Выбрать главу

Подобные разговоры у него бывали с людьми самых различных профессий: инженерами, музыкантами, агрономами.

Вспоминаю, как, увлекшись, он прочитал мне целую лекцию по океанографии, и мне казалось тогда, что это самая интересная и важная из наук.

Анатолий Васильевич был чрезвычайно активным человеком. С юношеских лет и до конца своей жизни он упорно, жадно учился, собирал знания.

Годы эмиграции, вынужденной разлуки с родиной он использовал для изучения культуры и искусства Западной Европы. Годы ссылки, тюремного заключения были для него годами интенсивной работы.

Например, в одиночном заключении в киевской Лукьяновской тюрьме он изучил английский язык. Даже в тюремной камере он не поддавался унынию и продолжал работать — читал в подлиннике Шекспира и Бэкона, немецких философов и поэтов, много писал. Луначарский вспоминал Лукьяновскую тюрьму: «В последние недели моего пребывания в одиночке, когда меня за какую-то провинность лишили прогулок во дворе, я начал страдать от бессонницы, следовательно, читал и писал до утра. Почерк у меня, ты сама знаешь, возмутительный. Каждое слово, написанное в тюрьме, подвергалось самой тщательной цензуре, и жандармский ротмистр, которому полагалось проверять мои рукописи, совершенно замучился. „Ради всего святого, г-н Луначарский, пишите разборчивее! У меня теперь из-за вас нет личной жизни: я ночи напролет сижу над вашими каракулями“. Меня эти жалобы не слишком растрогали. Хуже, что я сам позднее разобрал далеко не все свои рукописи из Лукьяновки».

Во время ссылки в Калугу он сделал стихотворный перевод великого провансальского поэта Мистраля, писавшего на languedoc. За эту юношескую работу Анатолий Васильевич в 20-х годах был избран действительным членом Академии Мистраля.

Живя на Капри, Анатолий Васильевич ежедневно отправлялся в Неаполь, где он работал в публичной библиотеке.

— Меня жутко укачивало в Неаполитанском заливе. Вспомни описание качки в «Господине из Сан-Франциско» Бунина и ты поймешь, что это отнюдь не подарок судьбы дважды в день совершать подобную морскую прогулку.

— Ну и как же ты поступал?

— Никак. На пароходе я прочитывал газеты лежа и сосал лимон… но это не помогало. Сотни раз я проделал этот путь и каждый раз страдал морской болезнью. Вдобавок меня изводил Горький: его совершенно не укачивало, и он пытался уговорить меня, что никакой морской болезни нет на свете, что все это самовнушение. Он предлагал мне повторять по модному тогда методу д-ра Куэ: «Я чувствую себя отлично. Меня ничуть не тошнит». Но эти попытки автогипноза приносили самые плачевные результаты: мне делалось еще хуже. Зато удивительно хорошо работалось в Неаполитанской библиотеке. Тихо, прохладно, и полы не качаются.

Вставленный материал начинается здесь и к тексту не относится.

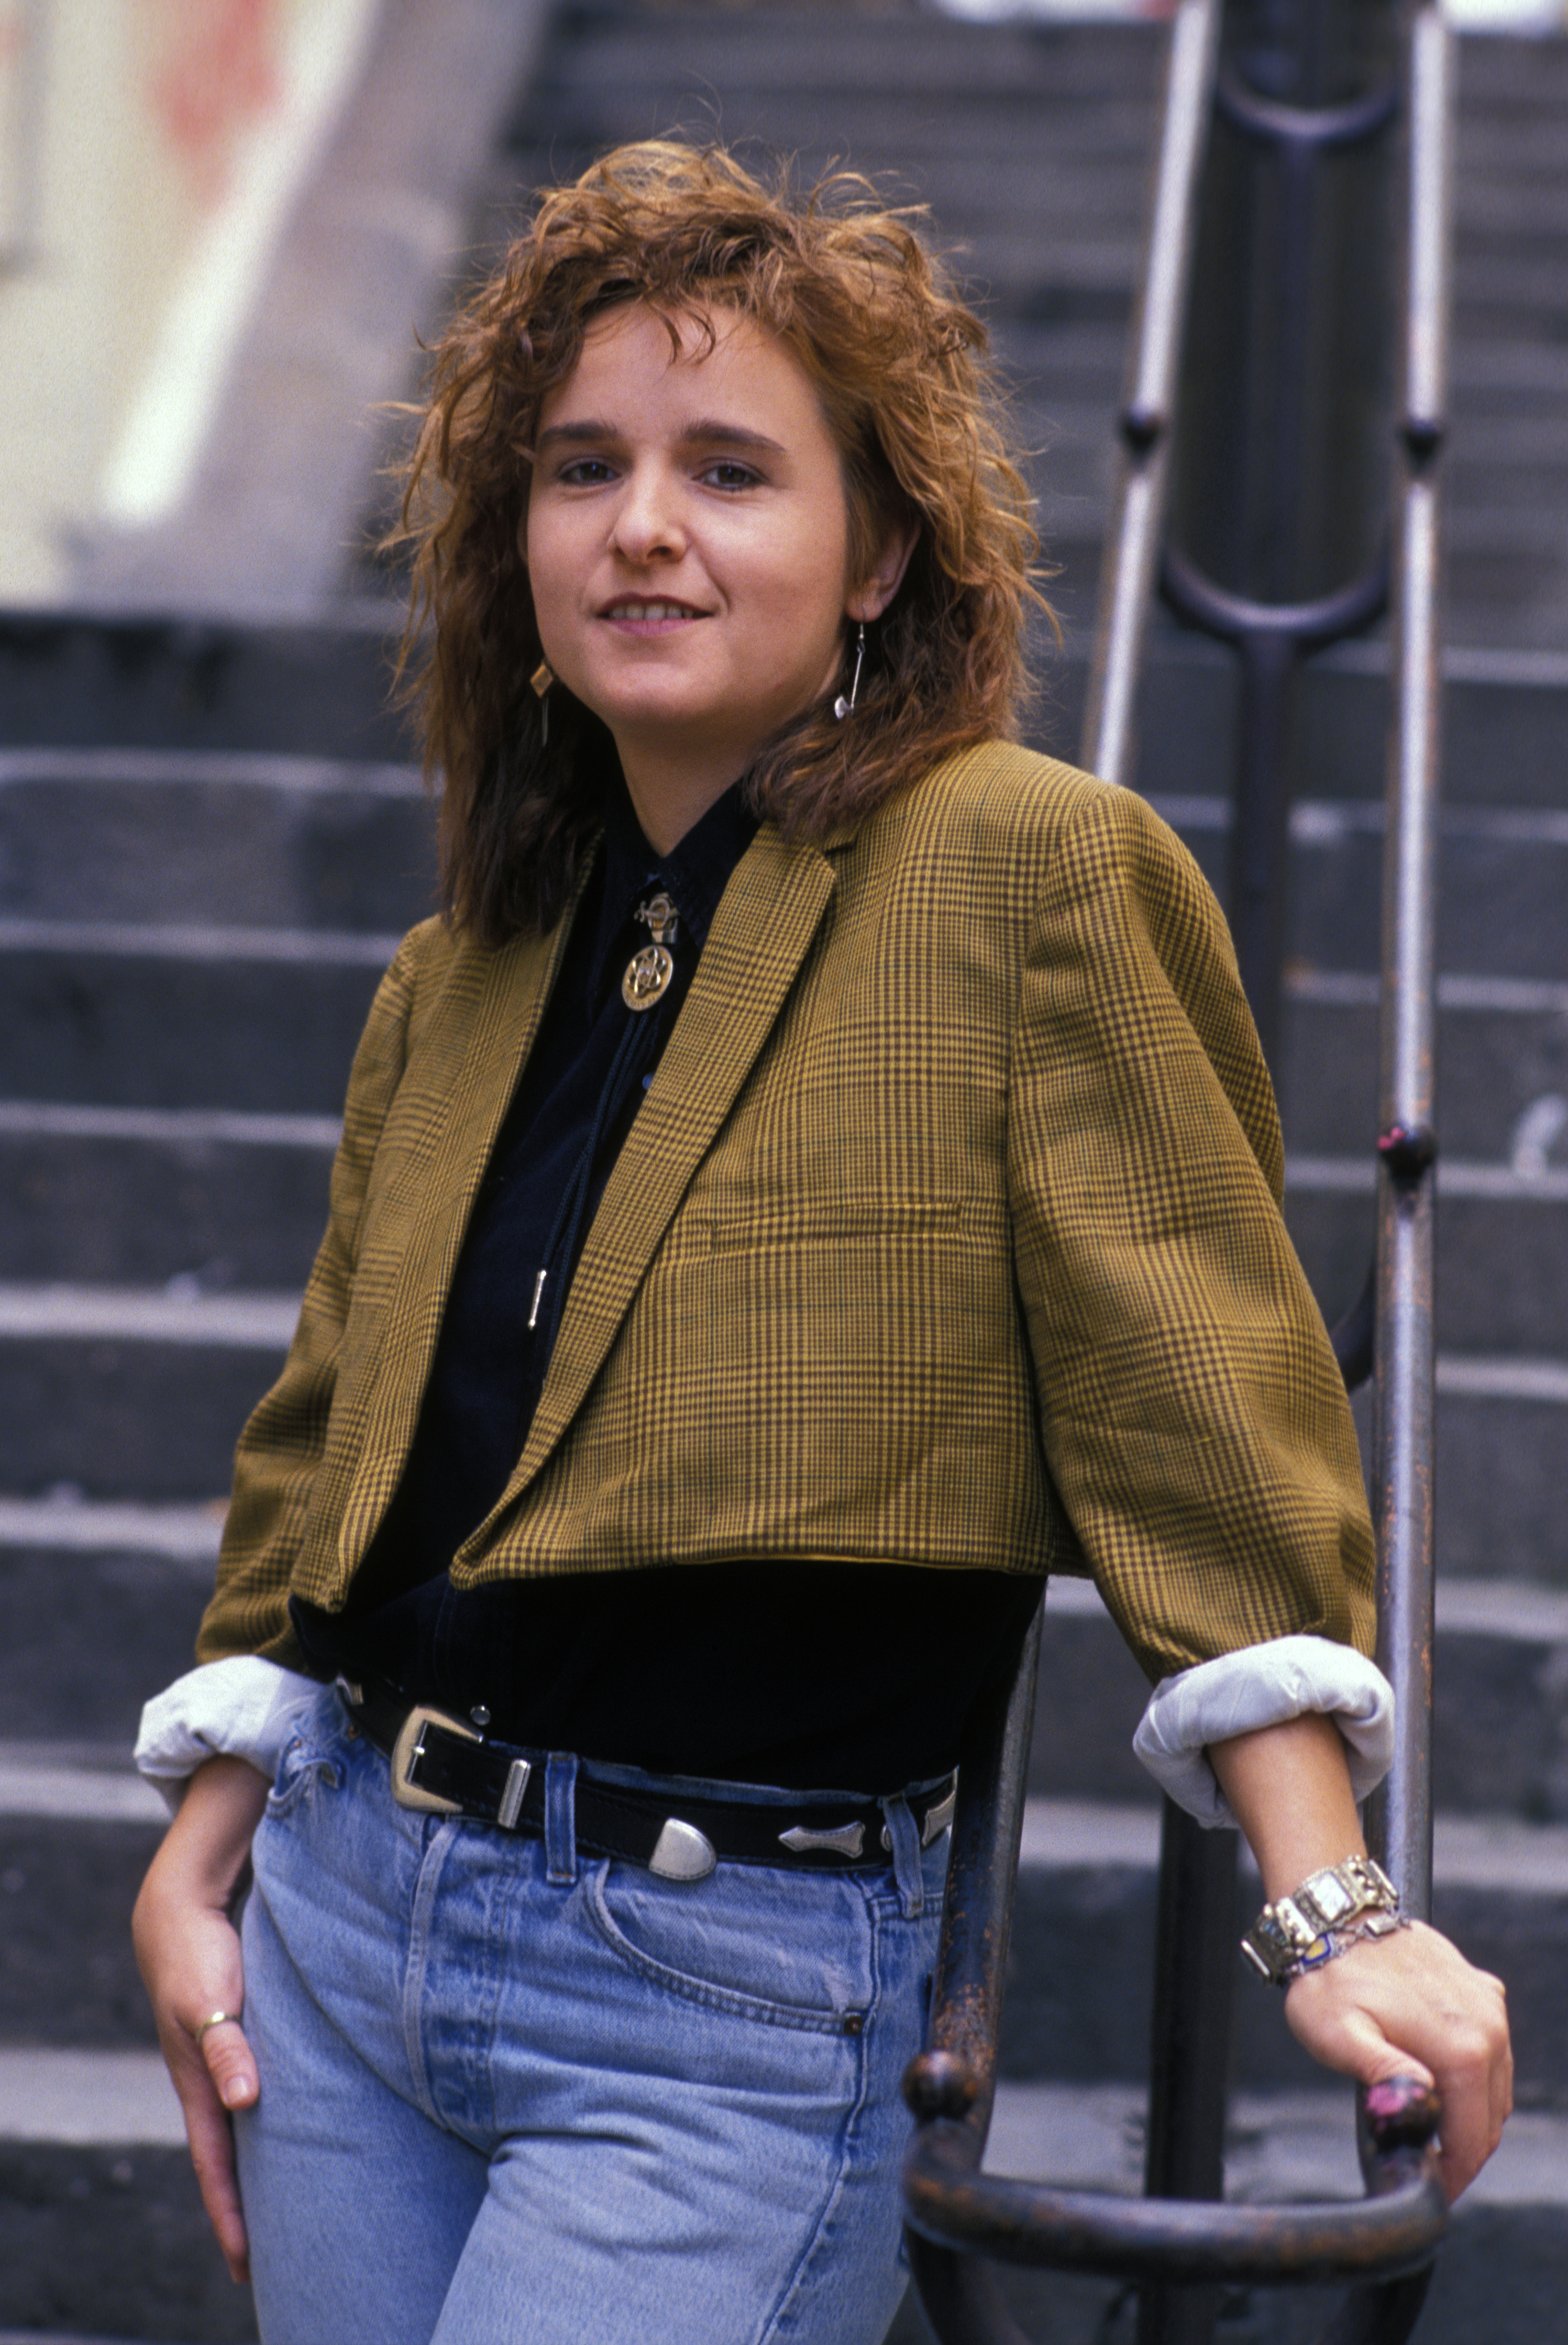 Melissa Lou Etheridge in Paris, France in 1988 | Source: Getty Images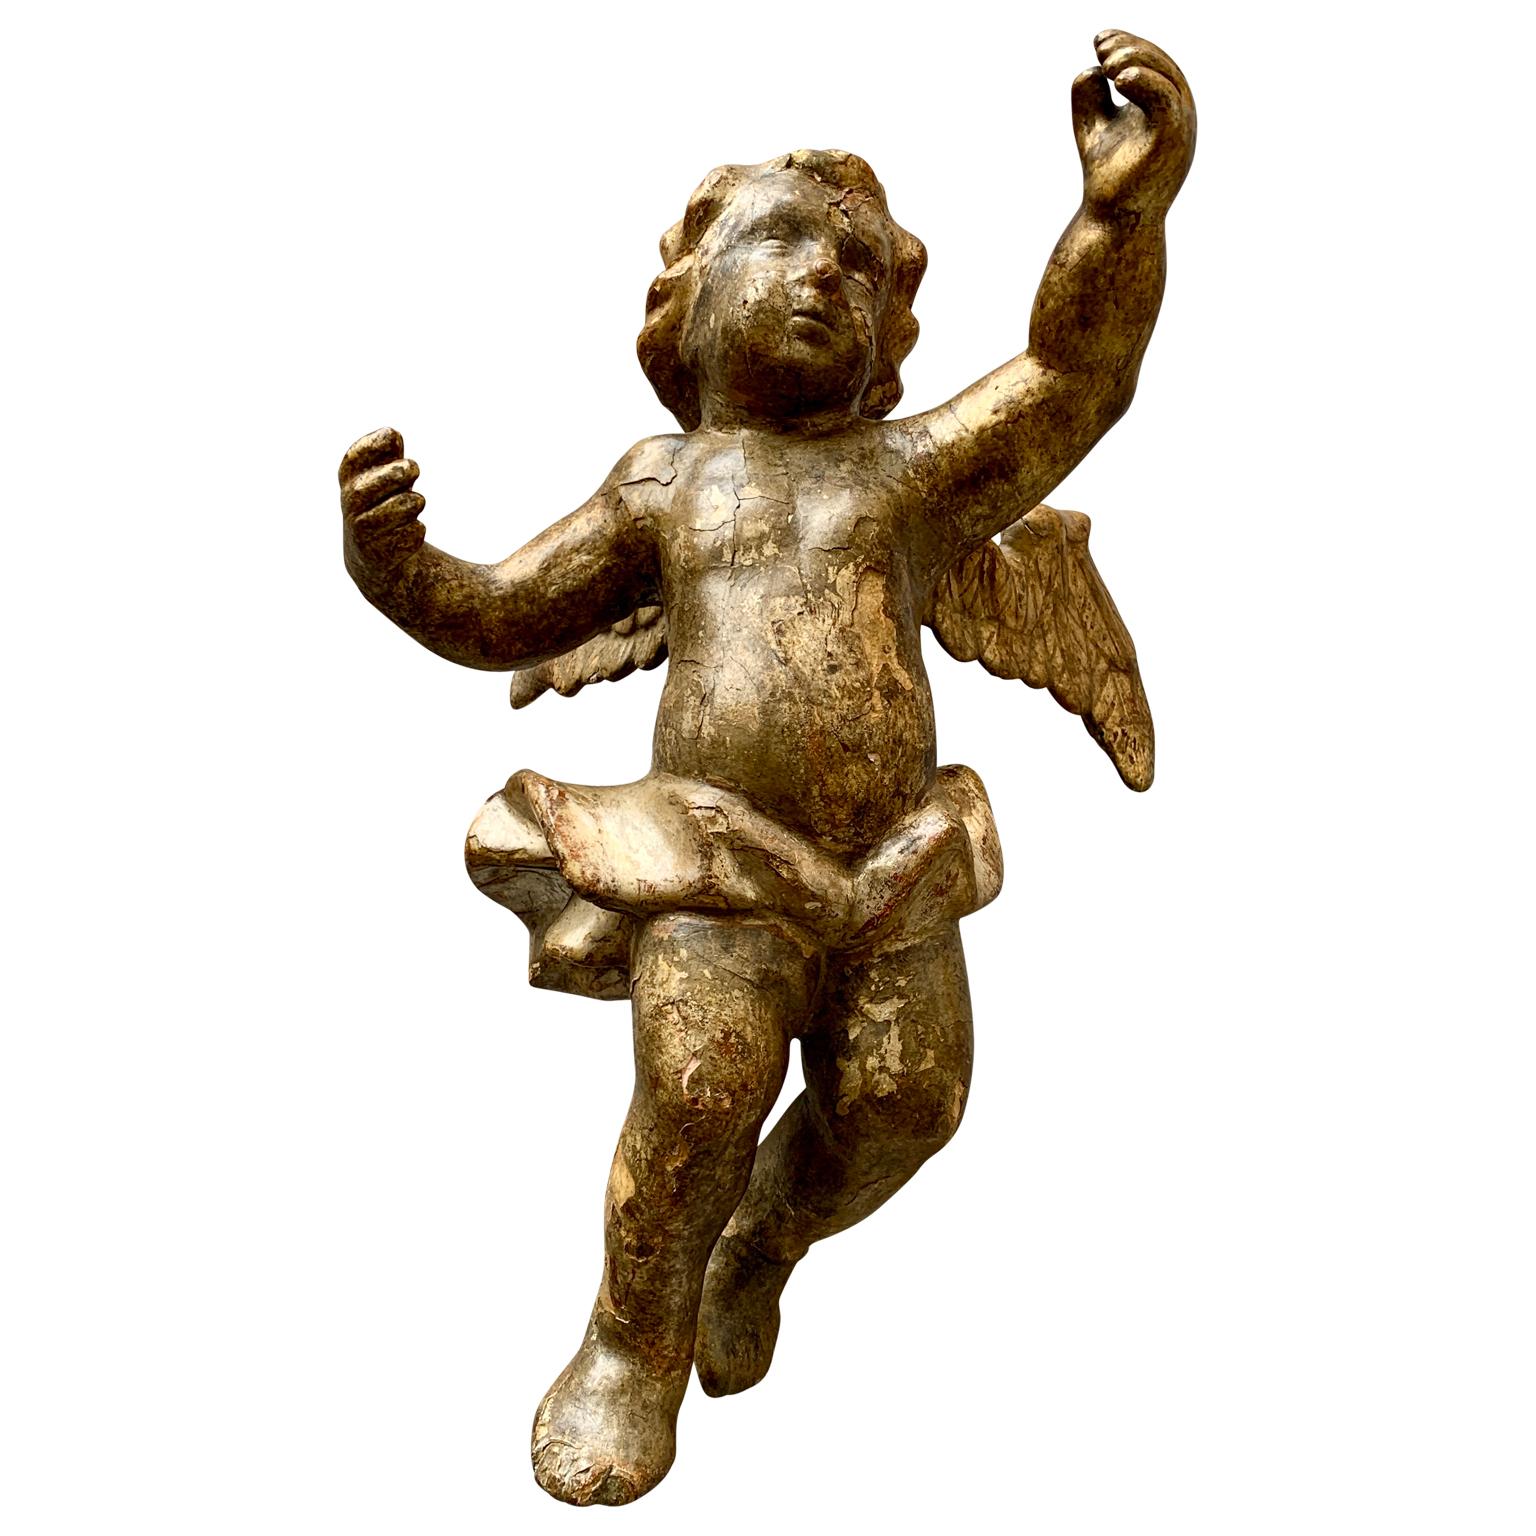 A period European Louis XVI or Gustavian hand-carved and gilt hanging angel spreading its wings. The wooden hand-carved and silvered angel has small insignificant damages cause by the very high age, but keeps its very rare original patina. The

Вообще Анатолий Васильевич очень любил обстановку хорошо организованной публичной библиотеки. Очевидно, сама атмосфера большого книгохранилища настраивала его на спокойную и вместе с тем интенсивную работу.

В 1930 году Анатолий Васильевич, готовясь к гегелевскому конгрессу, посещал Берлинскую публичную библиотеку, и когда дирекция любезно предложила ему брать книги на дом, он, разумеется, поблагодарил и воспользовался этим, но больше из чувства такта, хотя охотно продолжал бы посещать читальный зал библиотеки.

Возможно, что навыки студенческих лет, жизни в эмиграции наложили свой отпечаток на отношение Анатолия Васильевича к книгам. Анатолию Васильевичу было чуждо чувство собственности вообще, и это свойство его характера распространялось и на книги. Ему важно было иметь возможность читать книгу, черпать из нее знания или художественное наслаждение, а его ли это книга, библиотечная ли, взятая ли на время у знакомого — ему было почти безразлично.

Анатолий Васильевич любил красиво изданную книгу. Когда ему попадалась особенно художественно оформленная или редкая, старинная книга, он любовался ею, показывал близким, отмечал качество иллюстраций, шрифта, переплета, но, прочитав, охотно разрешал любому знакомому взять ее на время и, если эту ценную книгу у него «зачитывали», не слишком огорчался. На моей памяти он с досадой и возмущением говорил только о похищенных у него книгах с дарственными надписями Владимира Ильича Ленина и Алексея Максимовича Горького. Особенно горевал он об автографах Ленина. Я пыталась найти способ помочь этому горю:

— Ты ведь догадываешься, кто именно сделал это, и ты имеешь возможность заставить вернуть тебе эти книги.